The Court of Justice rules on the withdrawal of the driving licence in the territory of a Member State other than the issuing one and on its following renewal

On 29 April 2021, the Court of Justice handed down its judgment in Case C‑47/20, F. v Stadt Karlsruhe, on the interpretation of Article 2(1), the second subparagraph of Article 7(3) and Article 11(4) of Directive 2006/126/EC. The request has been made in proceedings between F., a German national who holds a driving licence issued in Spain, where he has a residence since 1992, and the Stadt Karlsruhe (City of Karlsruhe, Germany), concerning a decision of the competent German authorities refusing him the right to use his driving licence in Germany.

After his German driving licence was withdrawn in 1990 for drunk-driving, on 21 October 1992 F. was issued with a driving licence in Spain for categories A and B. After having driven again a vehicle while intoxicated in Germany in 2008, F. was made to pay a fine by an enforceable penalty order by which i) he had his right to drive motor vehicles in Germany using his Spanish driving licence withdrawn, ii) he was prohibited from applying for a new driving licence for a 14-month period, and iii) the driving licence that had been issued in Spain 2007 was confiscated and sent to the competent Spanish authorities. During that 14-month prohibition period, however, the Spanish authorities issued F. with a new driving licence, whose period of validity corresponded to that of the original Spanish driving one. Therefore, in January 2014 F. lodged an application with the City of Karlsruhe for recognition of the validity of his Spanish driving licence in German territory, which was refused on the ground that it had been withdrawn in Germany for drunk-driving, a measure depriving him definitively of the possibility of driving in German territory until his fitness to drive had been checked again.

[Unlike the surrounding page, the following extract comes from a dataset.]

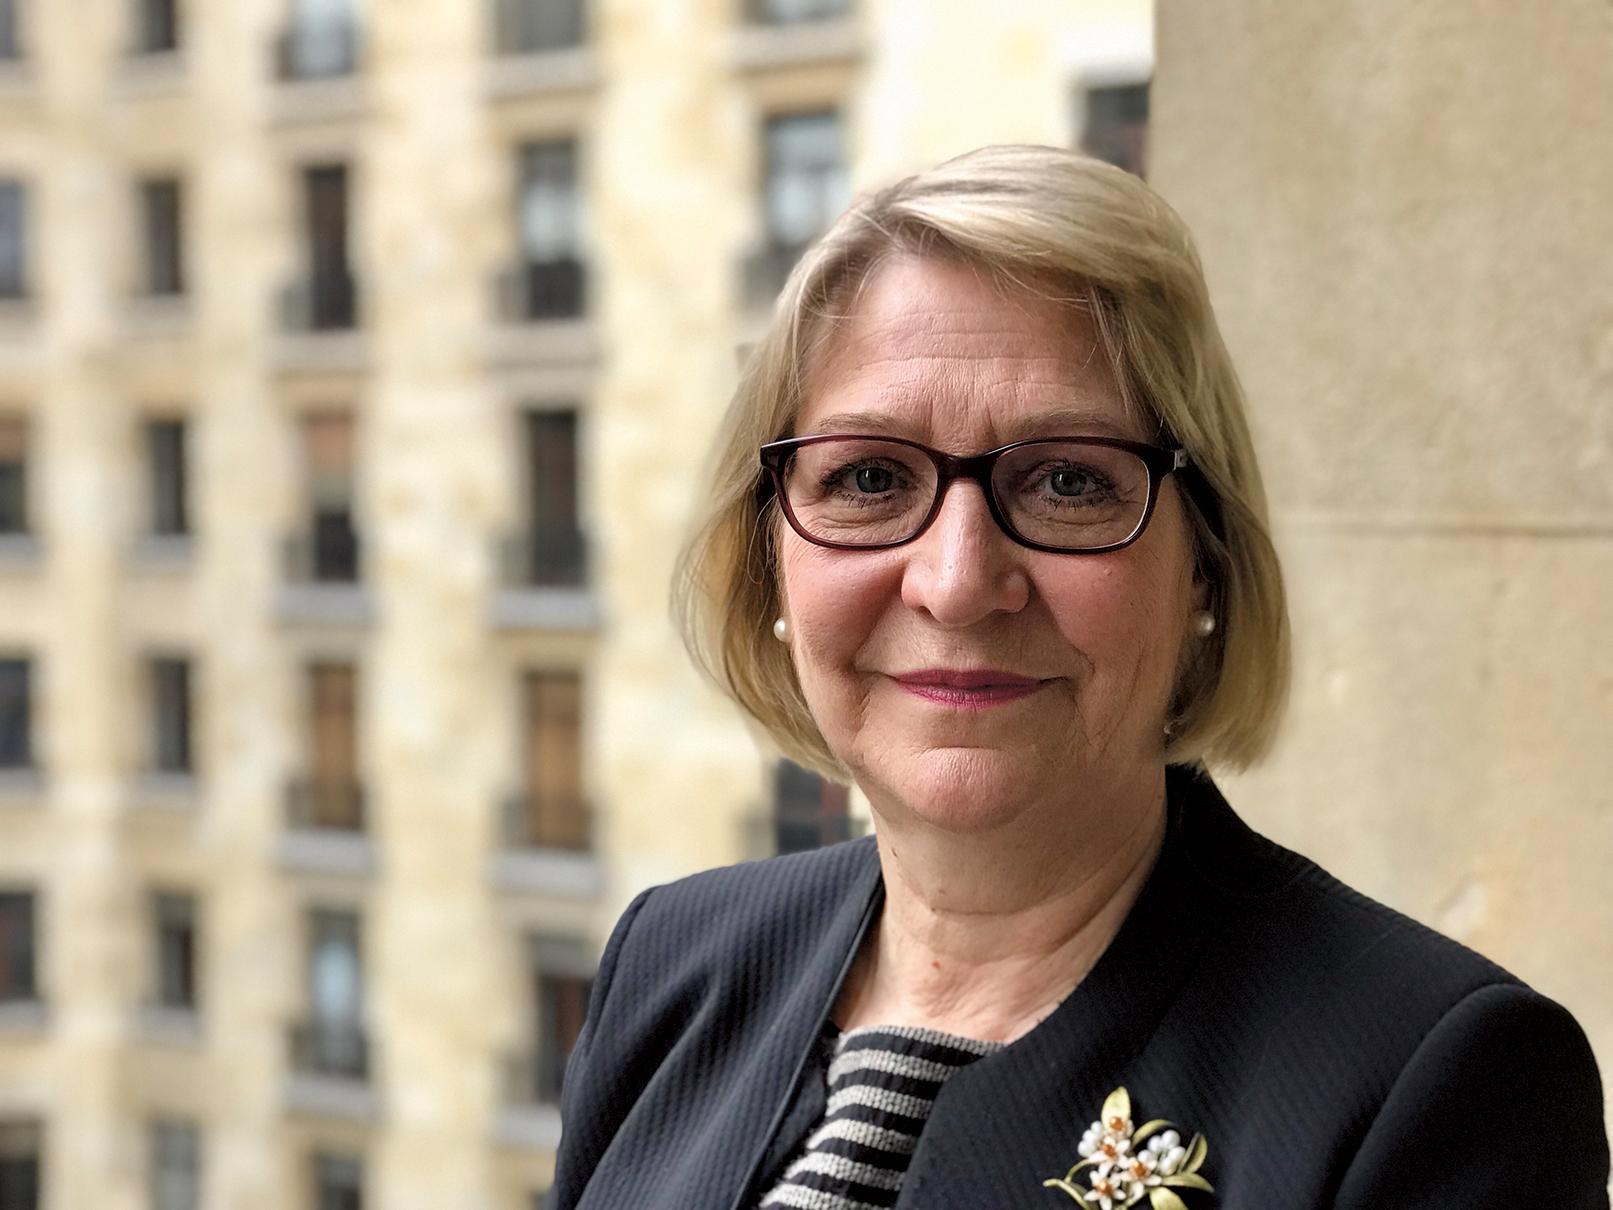 EU:n kannalta keskeistä on säilyttää globaali kilpailukyky, sanoo Marja Rislakki.

Since his action for annulment against that decision was dismissed both at first instance and on appeal, F. brought an appeal on a point of law before the Bundesverwaltungsgericht (German Federal Administrative Court; the “referring court”) which, in light of the need to interpret the relevant European legislation, decided to stay the proceedings and to ask to the Court of Justice whether Article 2(1) and the second subparagraph of Article 11(4) of Directive 2006/126 must be interpreted as precluding a Member State, in the territory of which the holder of a driving licence in categories A and B issued by another Member State has been deprived of the right to drive on account of unlawful conduct, which occurred during a temporary stay in that territory after the issue of the licence, and of the resulting lack of fitness to drive under the legislation of the first Member State, from subsequently refusing to recognise the validity of that driving licence, after that licence has been renewed, pursuant to Article 7(3) of that directive, by the Member State where the holder of that licence normally resides, within the meaning of the first paragraph of Article 12 of that directive.

According to the Court, the authorities of a Member State in whose territory the holder of a driving licence in categories A and B issued by another Member State has been deprived of the right to drive on account of an unlawful conduct occurring after the issue of the licence can refuse to recognise its validity after it has been renewed by the Member State where the holder concerned normally resides. Furthermore, despite the first Member State is competent to lay down the conditions with which the holder of the driving licence must comply in order to recover the right to drive in its territory, it is for the referring court to examine whether, in accordance with the principle of proportionality, they do not exceed the limits of what is appropriate and necessary to attain the objective pursued by Directive 2006/126 of improving road safety.